Exercise instructions: Only the lines from the one with "Projecteur LED mural" through the last line of the material below belong in the answer, copied exactly and without pictures.

Information provided:
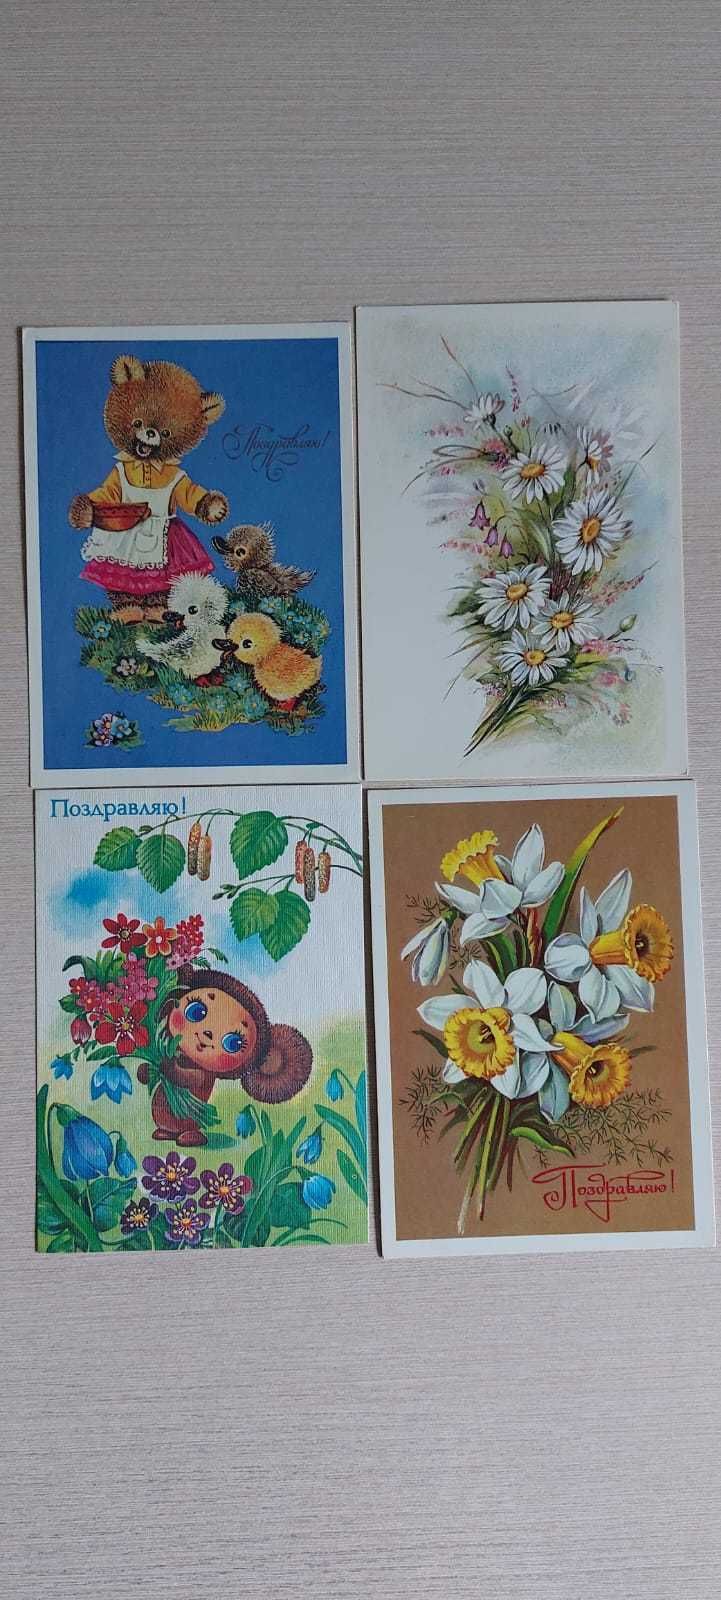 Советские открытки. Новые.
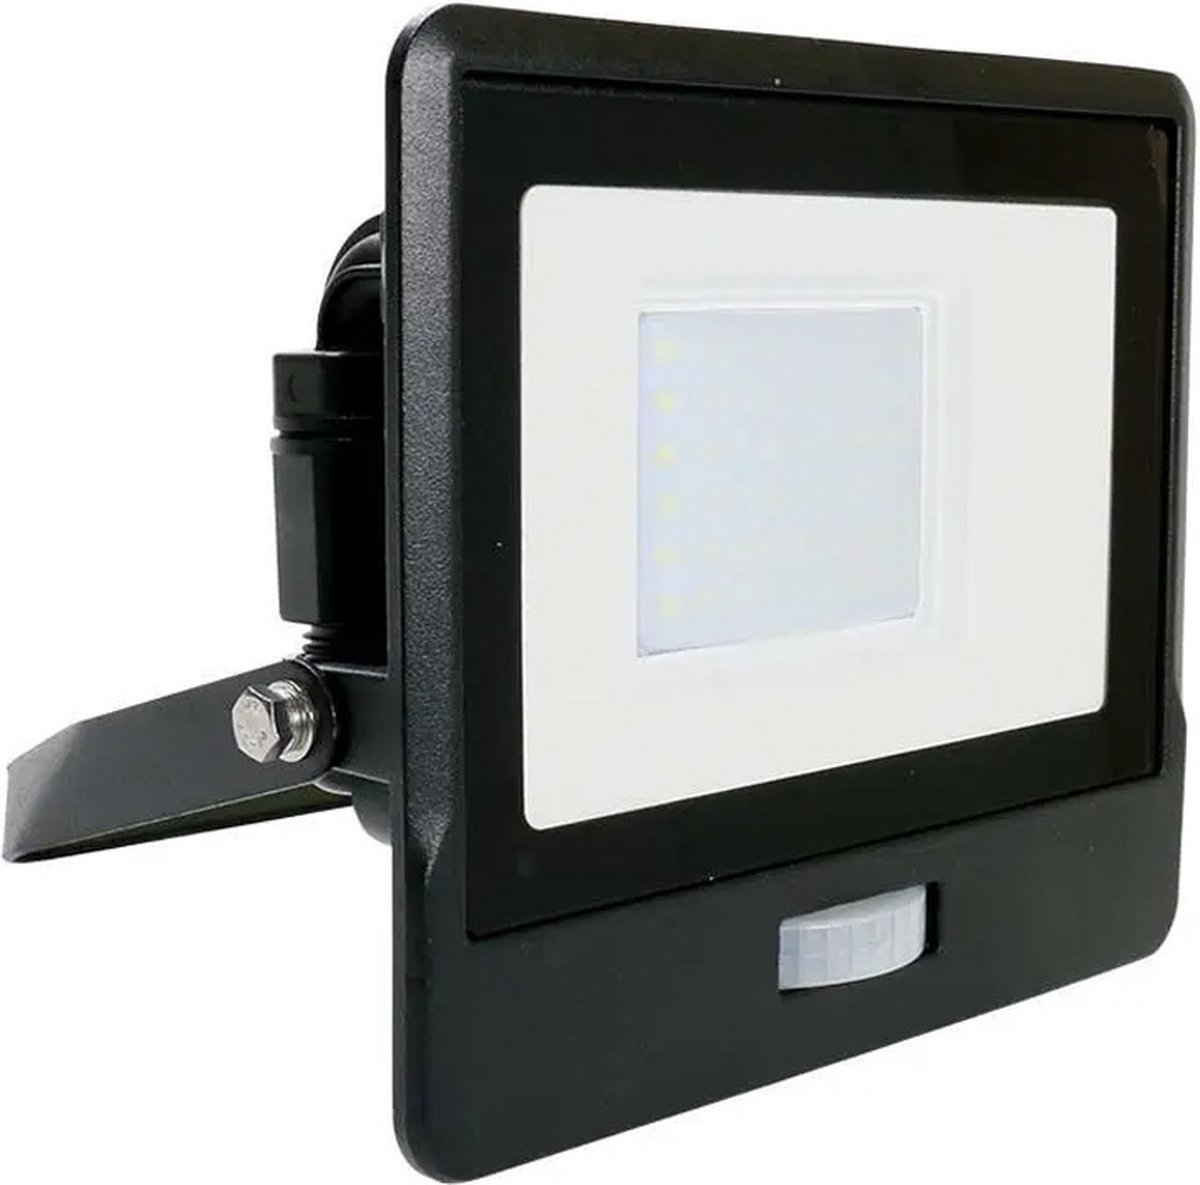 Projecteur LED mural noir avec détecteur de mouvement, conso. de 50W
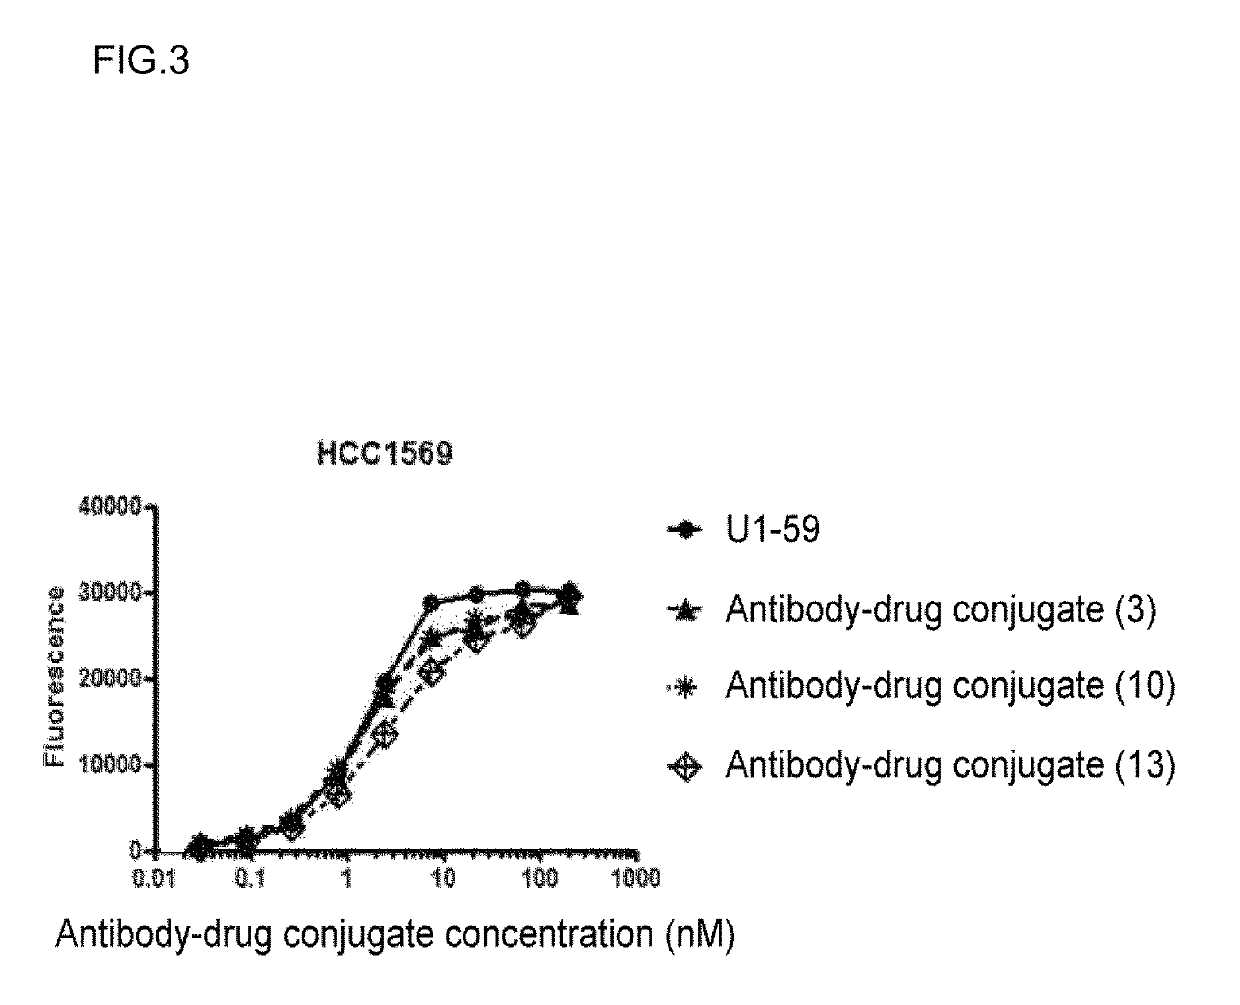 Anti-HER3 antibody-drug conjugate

Task result:
 Projecteur LED mural noir avec détecteur de mouvement, conso. de 50W
 Anti-HER3 antibody-drug conjugate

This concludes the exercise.